We all know people like that, they just can't help being happy. It is the most distinct aspect of their personalities. They're not artificially cheerful, they just embody happiness no matter how life has treated them.


Unfortunately, we're not all like that.
~


After some contemplation I have come to one conclusion: happiness is not a constant companion. In order to possess it, we need to cultivate it within ourselves and watch it multiply in intensity and frequency.


I remember once writing about random acts of kindness, and proposing that although random kindness is wonderful - intentional, purposeful, and planned kindness may be even better. I'm beginning to think happiness is similar. That we can do it with intention, on purpose and with some planning. But maybe we need to start with random acts of happiness just to start creating a habit.


My recommendations? dance, sing, observe nature, smile, be still if that suits you. Take note that all these things are free and need not be pursued. We already have these little things at our disposal and probably just need to practice them more often to enhance our happiness quotient.

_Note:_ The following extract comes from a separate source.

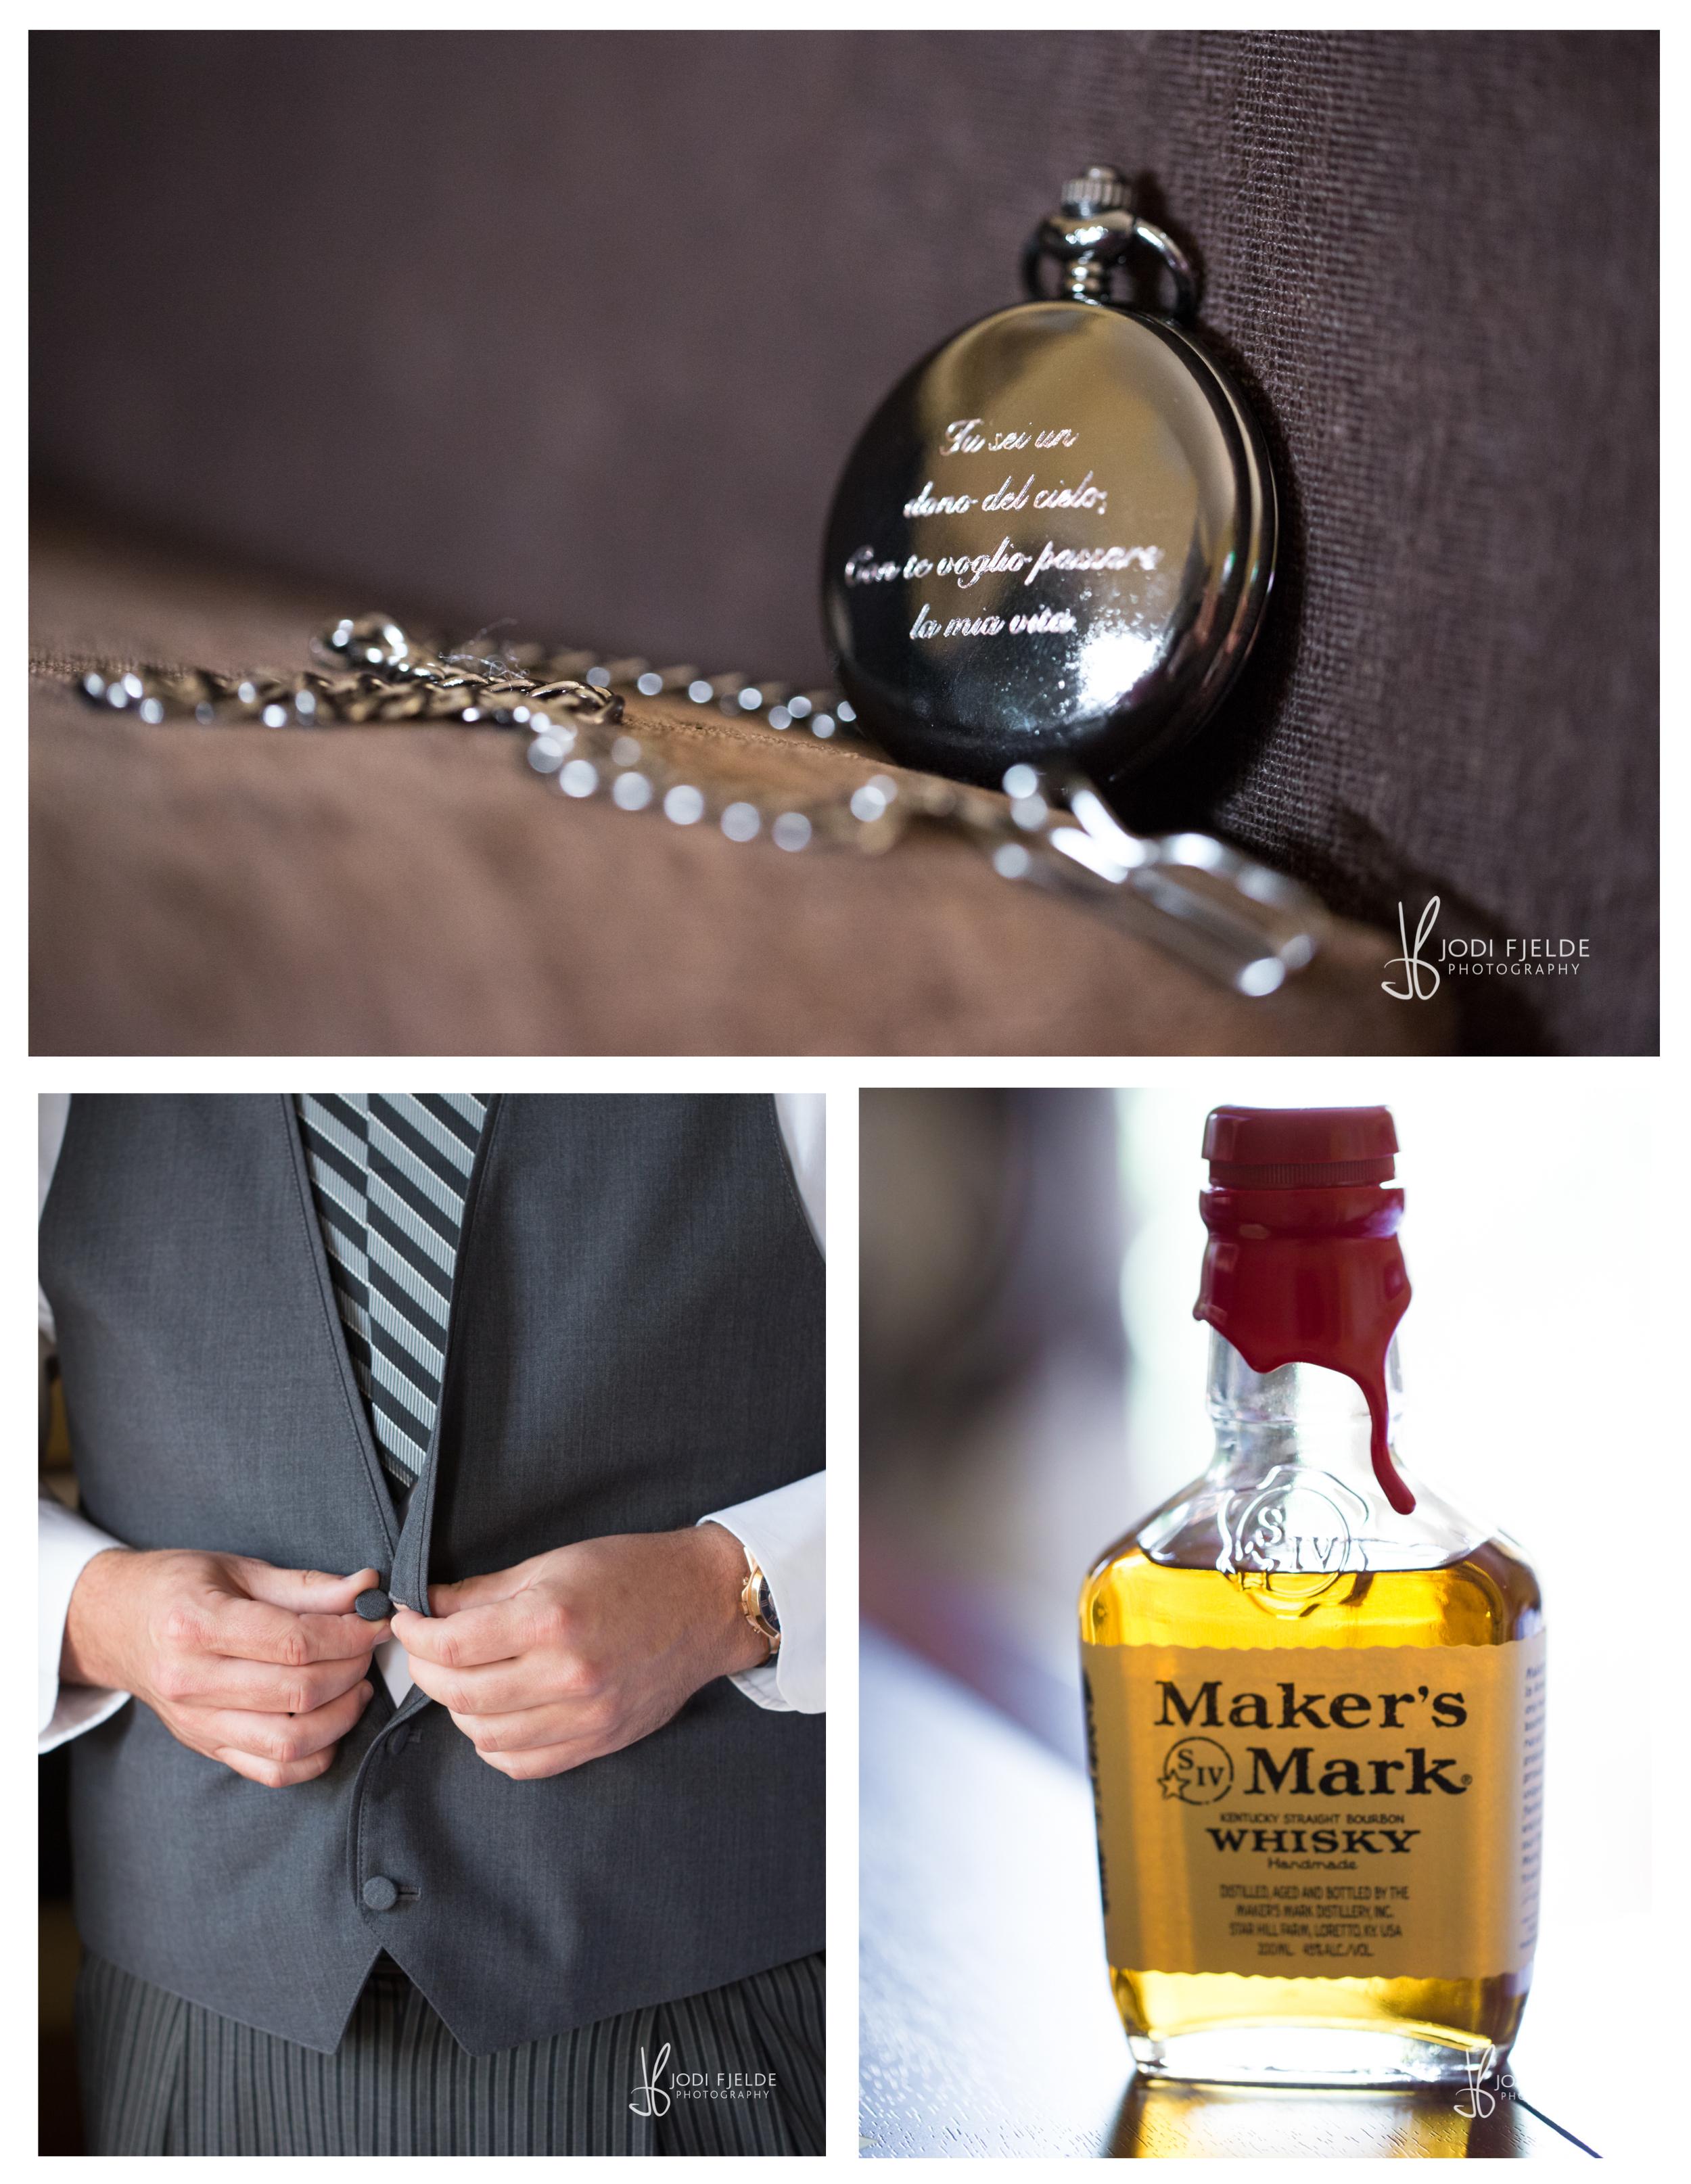 Highland_Manor_Apopka_Florida_wedding_Jackie_&_Tim_photography_jodi_Fjelde_photography-6.jpg

But, if you're like me, you may tell yourself that you'll be truly happy when...something fantastic happens. I suppose there's nothing wrong with that. But if I am so intent on some future outcome, I may miss all the little opportunities for happiness along the way. The journey is worth enjoying as much as the destination. It has been found that often when we reach what we considered the pie in the sky, it's a disappointment or we find another pie to go after. So maybe there is a lot to be said for those little things.
~


Our U.S. founding fathers ensured that we have the right to pursue happiness. Funny they never said we have the right to happiness. It seems they knew something profound - that happiness is like a game of hide and seek to which we are all addicted. And when we taste its substance, we just want more, more. Perhaps its because, as some profess, we are meant to be happy and we are seeking our true nature. Or perhaps, its just part of the yin/yang that complements its opposite in the script of our existence. The fact remains - pursue it we must with or without a national constitution.
~


I read somewhere that these are the secrets to a happy life:
connecting socially
being active
being mindful
continuing to learn
being generous


They all seem like worthy factors. Based on this, I should be pretty happy. Yet, there are times when happiness disappears like a magical illusion, like a floating balloon that gets swallowed by the sky only to surprise me again sometime when I least expect it - life performing random acts of kindness.


Because it is so elusive, we must enjoy it when it is here. To me this means being on the alert for its arrival and nurturing it so it will stay a little longer in this moment. We must invite it back, and allow it to be creative wherever it dwells - perhaps in places we never thought of pursuing it.


I recall my grandmother always reminding me that there is no such thing as true and complete happiness. I thought she was just bitter at life and that may be so. But as I dig deeper into what I know, I realize that she was right. But we need not frame this so negatively.


Happiness seems to occur in glimpses, some lasting longer than others. Inevitably it fades. Meanwhile it is good to wallow in gratitude, thank life for the moment and enjoy.

~


"My advice to you is not to inquire why or whither, but just enjoy your ice cream while it's on your plate."